Yes, I do see the isolation as a problem and politically dangerous, but through these
technologies it's also possible to have this unprecedented one-on-one, intimate way of
communicating with each another. Kira, my wife and working partner of 25 years, and I
are currently involved in a group project with the Dalai Lama for the Tibetan charities.
It's called The Missing Peace, and it's a call to action for world peace. The project is
based on the idea that DVDs spinning at 600 revolutions per minute are like miniature
prayer wheels. We're going to Dharmshala in December to meet him and make some
video recordings. I plan to create a series of portable digital prayer wheels that use this
intimate, highly personalized mode of communication to transmit blessings, prayers and
timeless teachings to be available anywhere anytime, on-demand for the mobile culture.

I'm fascinated by the idea that we are connected in a very intimate way, "plugged in."
That's precisely the mode you want to get to in spiritual practice. After all these years of
using video and connecting it to my own practice, I see so many parallels to
contemporary technology—everything from communication at a distance—someone
talking on his cell phone in front of you in a supermarket line, for instance—to
receiving an image of your mother over the Internet. In Cézanne's time, you'd just
assume that the guy's a nut talking to himself, or that the person receiving the image was
having a vision.

How did you work with the text and music in creating the videos for Tristan und
Isolde?

Wagner used music not to illustrate action, but to describe the movement of human
consciousness.

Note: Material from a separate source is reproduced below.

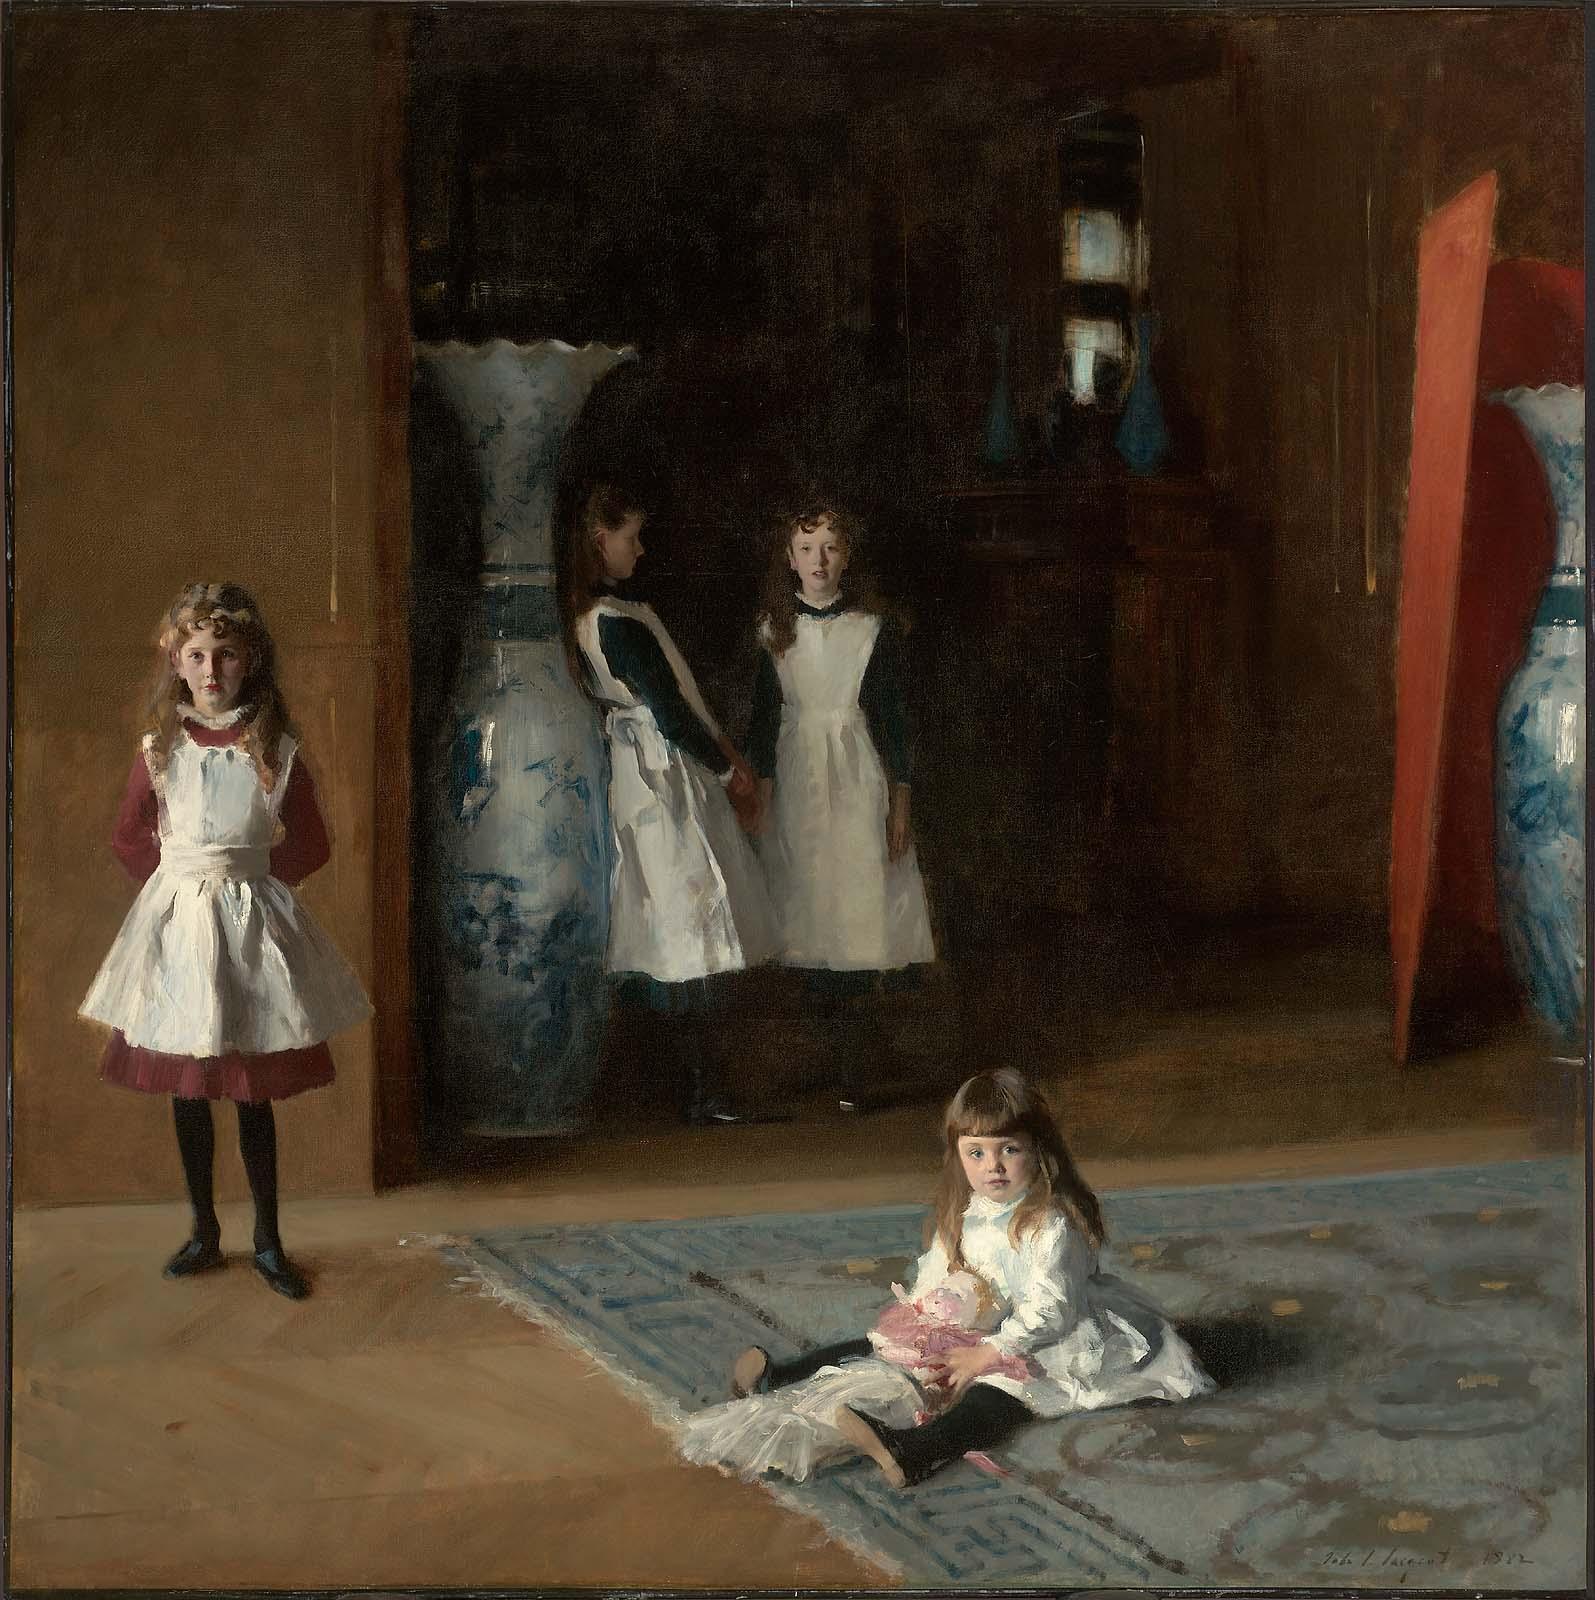 John Singer Sargent,  Daughters of Edward Darley Boit  (1882)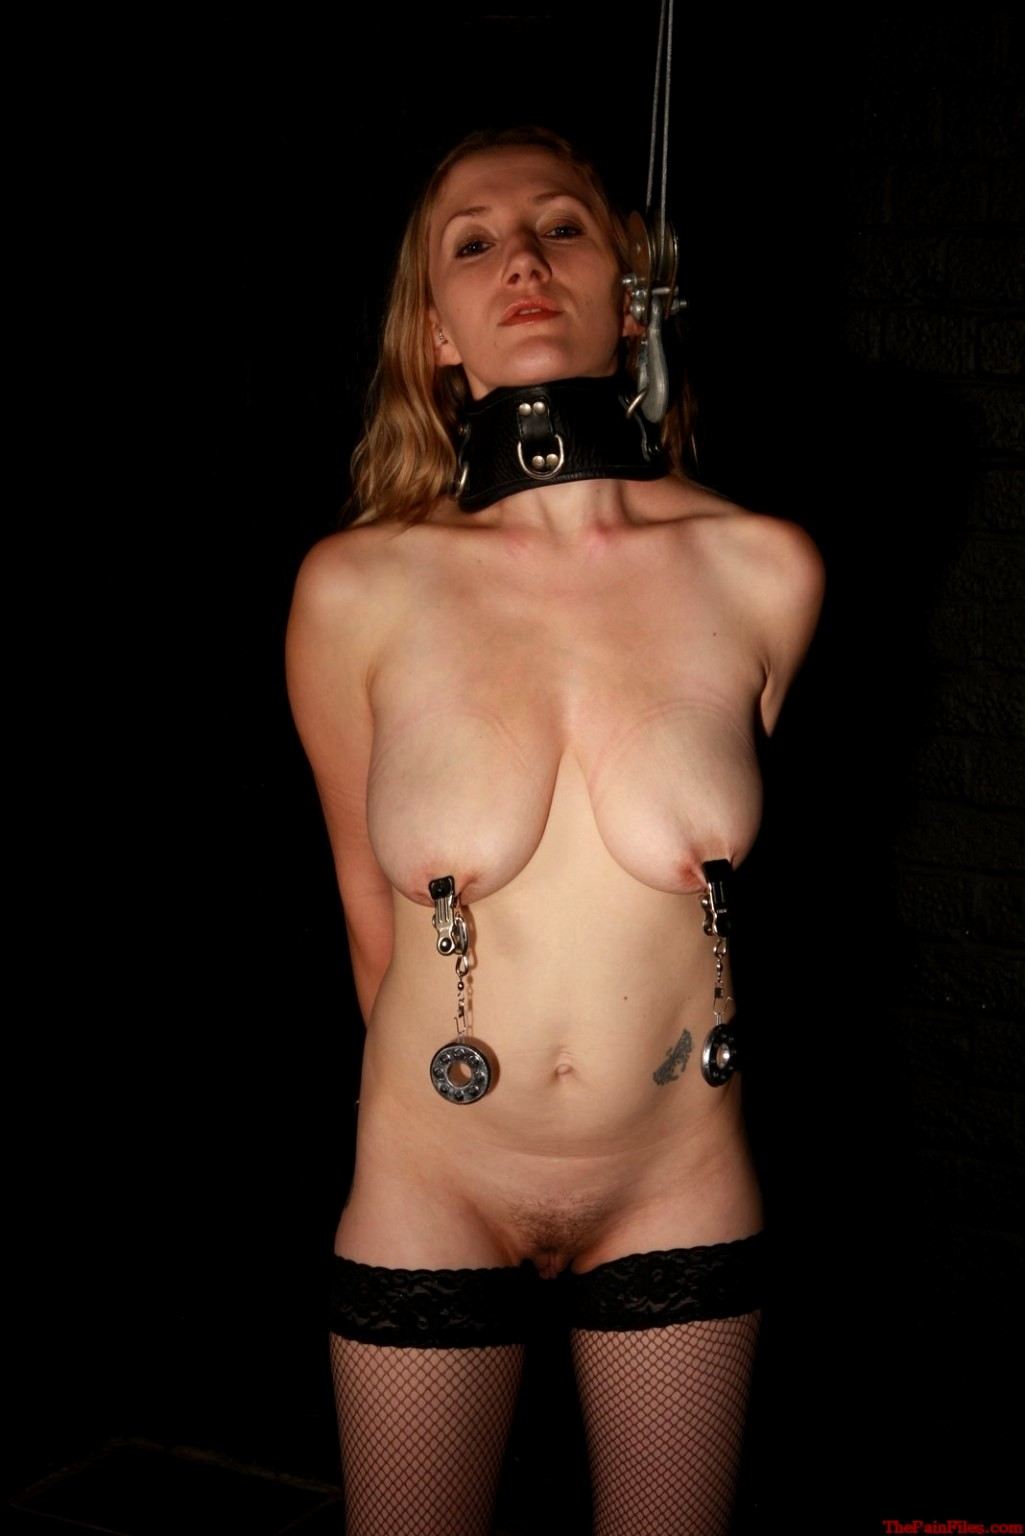 Slave women led around y pierced nipples free xxx galeries

He does illustrate some actions literally, but most other times, the
movement of the music is the movement of the inner lives of the characters. We take
that for granted today—every time you see a horror movie and you hear the creepy
music when a guy is walking down a hallway in the dark, that's Richard Wagner.

All these years using a camera, I've never really felt that it was solely a visual
instrument capturing light from the outside world. For me it was always dealing with
invisible things, like Cézanne's fleeting moment. So I've felt connected to Wagner since
I began listening to his music. If you are going to present images with music—two
time-based forms—they have to dance together, interact in interesting ways. That's why,
in terms of guideposts, the music came in last in the creative process, when I was
editing. The genesis of it was the libretto, which I was very comfortable with because
most of my work, in some way or another, comes from a text. And this one was a non-
Christian myth—one that is very rich and profound… and very Eastern. There are a lot
of Eastern influences in Wagner's work. The 19th century is when the foundational
works of the East were reaching Europe.The Bhagavad Gita was being translated into a
Western language for the first time, and Sufi poems were coming into Western
consciousness through people like Goethe. The spiritual heritage of mankind was just
beginning to circulate in a global way, inspiring artists and curious individuals, and
Wagner was one part of a larger whole that is still unfolding today.